Meanwhile, the early 20th century crises of inter-imperialist war and depression did not signify the final decline of capitalism that revolutionaries had anticipated. The barriers to capital accumulation that lay behind these crises were far from absolute, and the system merely needed to be restructured in order to surmount them. Half the world still lay open, offering vast untapped markets and pools of labor ripe for exploitation. Even within the most developed regions there was much work left for capital to do, invading and breaking up all traditional institutions, replacing them with specifically capitalist relations, commodifying every sphere of life. This expansion, extensive and intensive, gave the state-industry alliance two powerful weapons for dealing with labor unrest: repression and concession. Most crucially, it turned out that capital could accommodate labor’s more moderate demands.

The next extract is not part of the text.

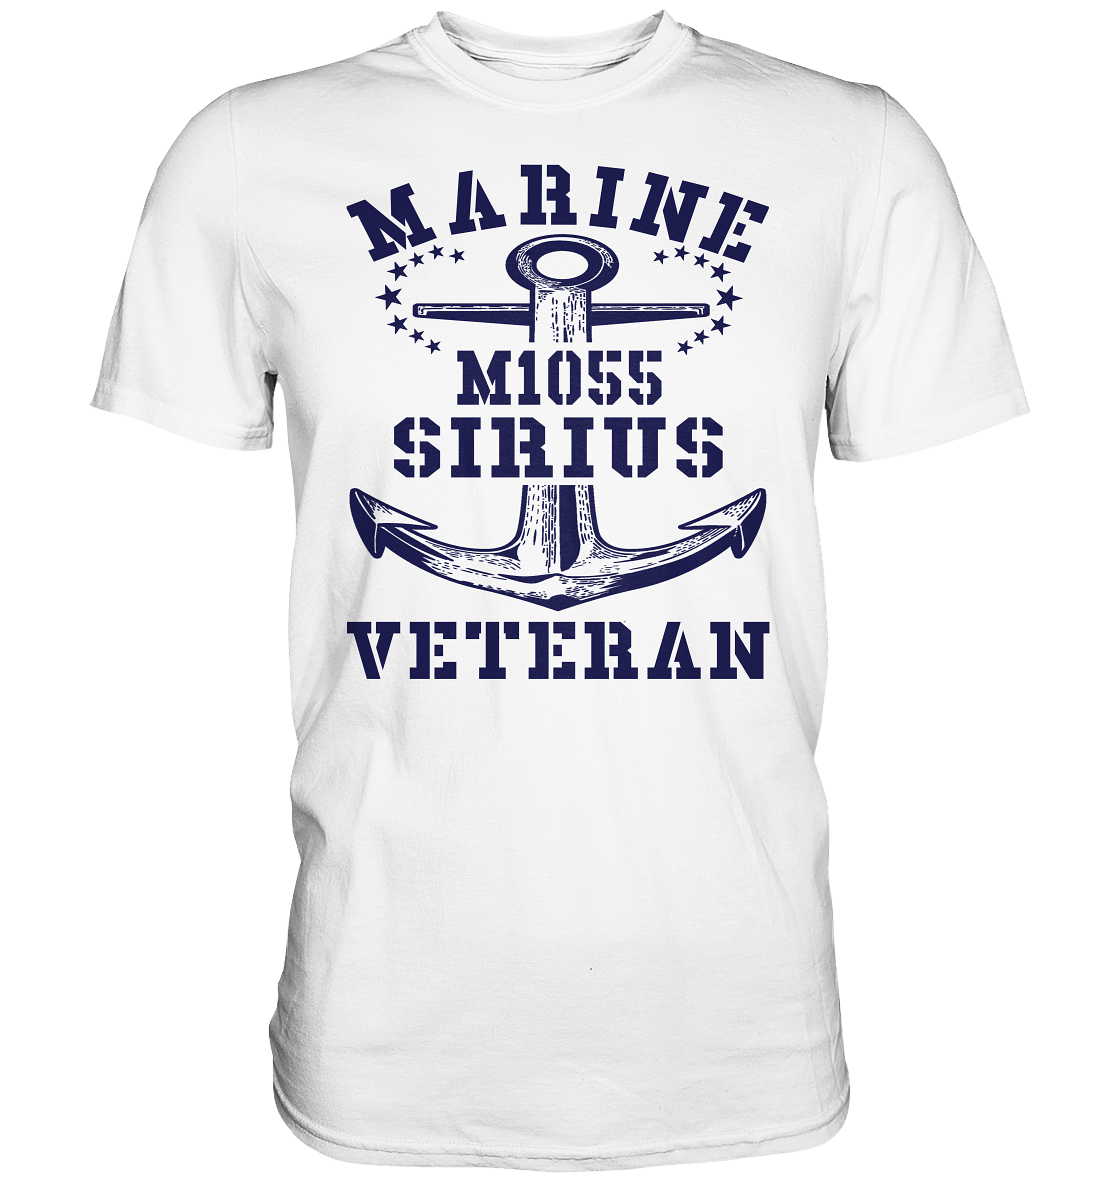 SM-Boot M1055 SIRIUS Marine Veteran - Premium Shirt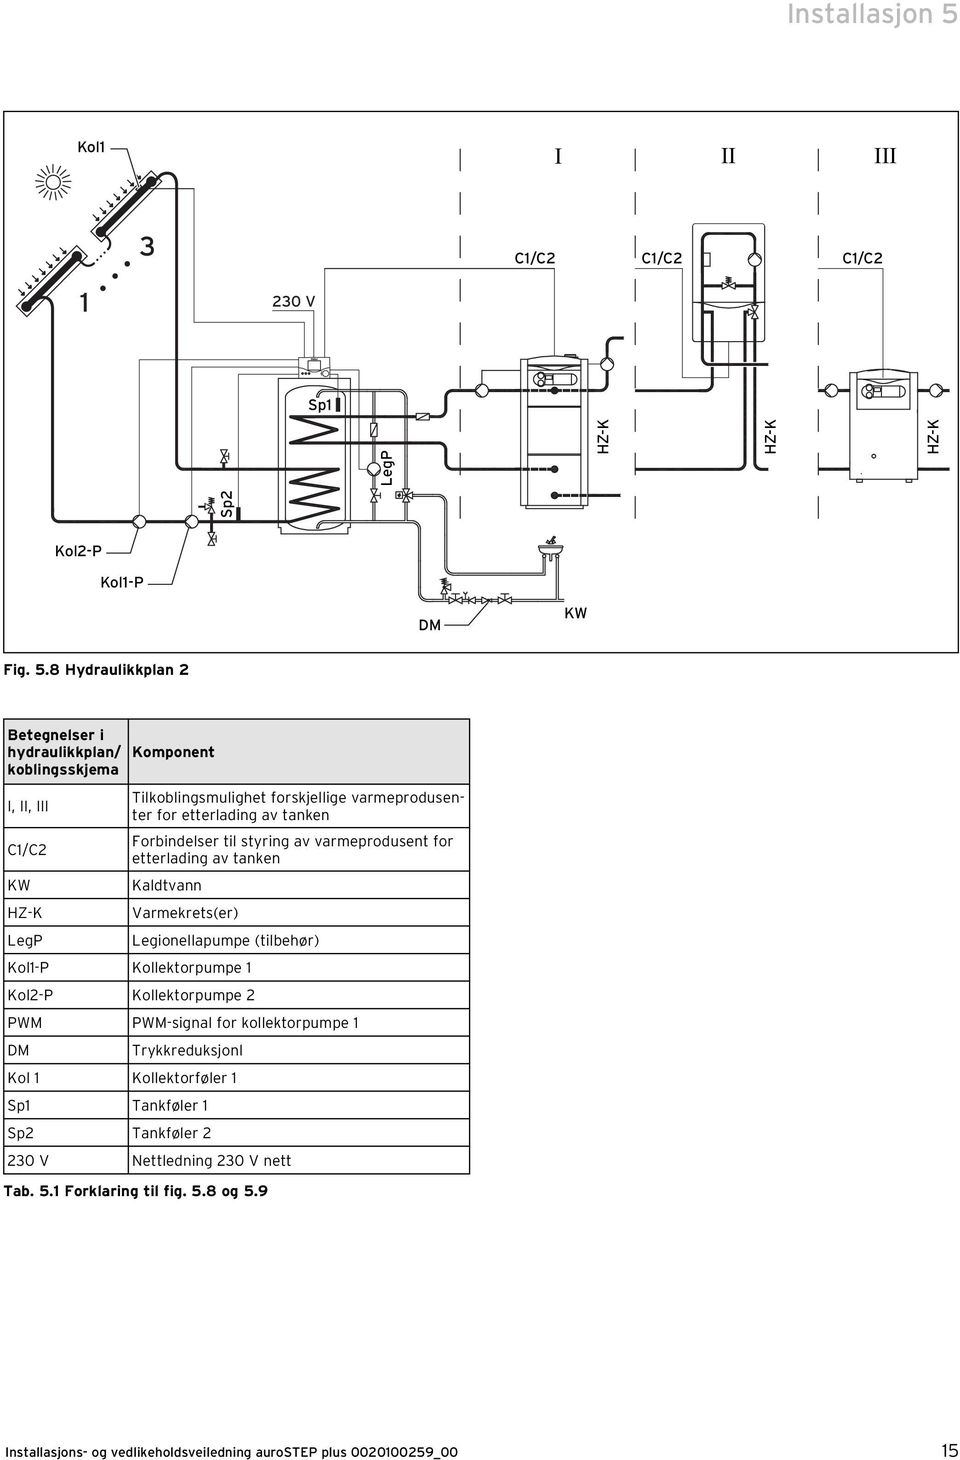 8 Hydraulikkplan 2 Betegnelser i hydraulikkplan/ koblingsskjema I, II, III Komponent Tilkoblingsmulighet forskjellige varmeprodusenter for etterlading av tanken C1/C2

In one way or another, the ability of capitalism to generate prosperity and opportunity for a significant minority of workers was bound to meet up with the ambiguous character of worker unrest and result in class compromise. While in a sense it is true that workers were betrayed by CIO leaders and so on, this was more or less inevitable – capitalism simply had ample strength to win the war of legitimacy. Could more have been accomplished, if organizers were more principled, vigilant and far-sighted? Of course. Much more? Perhaps. Radically more? Probably not. 2 In retrospect we can see this half-century as the period in which the new working class was tumultuously integrated into capitalism, and capitalism was forced to partly socialize itself.
***
This interpretation of the rise of industrial unionism opens up new possibilities, because it invites us to ask how the capitalist system has developed in the past hundred years and how our situation today is therefore different. When we do this, we discover first that we will have to do things that organizers in the past did not have to do. In particular, we have to figure out how to fill the void left by the near-total disintegration of traditional culture and community in the developed world. 3 But once we do this, we will find that we are able to do things that were impossible in the past: we will be able to build a genuinely radical and democratic worker movement that is not corrupted and co-opted by capitalism. 4 But this movement will not just look like the “alternative unionism” of the past, writ large. We have to build institutions specifically suited to our own time. This task will be the subject of the next and final essay in this series.
***
Notes:
- This summary is based on Staughton Lynd’s writings. See especially his introduction to the volume “We Are All Leaders” (1996), where he (following the other contributors to the volume) uses the terms “alternative unionism” and “community-based unionism” more or less interchangeably with “solidarity unionism”. Although Lynd’s narrative focuses on the early 1930s, he draws a parallel with earlier IWW organizing strategies. ↩
- If proof is needed of this, or if we want to imagine how much more might have been accomplished, we can look at the various versions of class compromise that were achieved by labor movements in the European countries. ↩
- This idea is developed in the essay Organizing in the Community, or the Organizing of Community? ↩
- Globalization has eroded the ability of capital to accommodate significant worker demands, so that capitalism is less and less able to provide prosperity even for a privileged minority. No longer pulled in three directions, the global working class more and more will have no choice but to look beyond capitalism. This idea is developed in the essay Global Capitalism in Crisis: What Next?. ↩
Wow, what a thought-provoking essay! I really like how you’ve framed the issue here. I’ve tended to understand and analyze the failures of past movements in a somewhat either/or way: either they made mistakes that we can learn from, or they were doomed to fail from the start because capitalism was too adaptable and too powerful for them to win. The former is useful because it *does* provide us with a way forward, but one also misses a lot of the picture when focusing entirely on what the left is or isn’t doing and ignoring the changing dynamics of the thing we’re fighting in the first place. The latter can lead to defeatism and hopelessness. But the framework you’ve offered helps me understand how changes to capitalism itself, which is not at all a monolithic and unchanging force, can lead to new opportunities for revolution that our predecessors didn’t have. This, *along* with learning from their organizing successes and failures, is very useful. As far as I understand, this type of analysis is part of the marxist method. :)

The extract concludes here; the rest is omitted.